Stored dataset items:
=== Begin Enclosure ===
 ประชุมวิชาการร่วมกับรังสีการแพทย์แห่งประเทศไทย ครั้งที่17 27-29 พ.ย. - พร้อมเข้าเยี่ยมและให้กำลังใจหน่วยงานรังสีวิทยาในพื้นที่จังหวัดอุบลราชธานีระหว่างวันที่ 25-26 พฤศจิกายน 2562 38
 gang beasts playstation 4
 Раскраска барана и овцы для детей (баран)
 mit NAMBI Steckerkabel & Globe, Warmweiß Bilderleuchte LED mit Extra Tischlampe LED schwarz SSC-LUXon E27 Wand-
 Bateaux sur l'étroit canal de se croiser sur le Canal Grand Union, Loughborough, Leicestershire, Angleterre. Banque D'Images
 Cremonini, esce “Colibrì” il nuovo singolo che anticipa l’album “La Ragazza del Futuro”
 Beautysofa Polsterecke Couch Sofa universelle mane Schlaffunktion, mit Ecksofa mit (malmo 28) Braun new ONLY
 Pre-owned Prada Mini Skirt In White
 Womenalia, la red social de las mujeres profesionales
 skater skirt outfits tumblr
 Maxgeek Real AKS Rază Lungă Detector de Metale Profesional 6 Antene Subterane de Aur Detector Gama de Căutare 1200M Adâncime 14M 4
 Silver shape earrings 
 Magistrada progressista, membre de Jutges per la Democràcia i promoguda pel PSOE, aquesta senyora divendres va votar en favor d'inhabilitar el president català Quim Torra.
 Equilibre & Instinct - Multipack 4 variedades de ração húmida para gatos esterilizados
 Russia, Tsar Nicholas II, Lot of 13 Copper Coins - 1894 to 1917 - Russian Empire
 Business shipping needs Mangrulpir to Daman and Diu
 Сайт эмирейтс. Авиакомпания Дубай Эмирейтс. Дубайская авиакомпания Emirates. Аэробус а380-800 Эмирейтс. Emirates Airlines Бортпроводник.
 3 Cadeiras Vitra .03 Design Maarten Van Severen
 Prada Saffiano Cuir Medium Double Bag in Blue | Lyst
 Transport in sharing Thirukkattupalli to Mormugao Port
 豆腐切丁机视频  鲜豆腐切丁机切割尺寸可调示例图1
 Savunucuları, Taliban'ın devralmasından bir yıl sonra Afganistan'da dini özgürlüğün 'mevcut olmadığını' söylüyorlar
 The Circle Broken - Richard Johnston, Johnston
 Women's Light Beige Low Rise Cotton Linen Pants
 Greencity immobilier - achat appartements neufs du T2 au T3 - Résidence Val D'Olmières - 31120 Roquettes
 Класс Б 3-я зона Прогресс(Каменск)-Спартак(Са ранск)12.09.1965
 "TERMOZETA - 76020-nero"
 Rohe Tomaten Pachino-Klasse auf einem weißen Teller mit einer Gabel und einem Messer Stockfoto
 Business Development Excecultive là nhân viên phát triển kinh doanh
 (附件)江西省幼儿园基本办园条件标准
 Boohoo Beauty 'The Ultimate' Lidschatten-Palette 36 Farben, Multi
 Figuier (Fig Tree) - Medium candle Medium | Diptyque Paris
=== End Enclosure ===
--- ACTION ITEM ---
From the line holding "Rohe Tomaten Pachino-Klasse" down to the last line of the records above, restate each line exactly as written.

--- OUTPUT FOR THIS EXERCISE ---
 Rohe Tomaten Pachino-Klasse auf einem weißen Teller mit einer Gabel und einem Messer Stockfoto
 Business Development Excecultive là nhân viên phát triển kinh doanh
 (附件)江西省幼儿园基本办园条件标准
 Boohoo Beauty 'The Ultimate' Lidschatten-Palette 36 Farben, Multi
 Figuier (Fig Tree) - Medium candle Medium | Diptyque Paris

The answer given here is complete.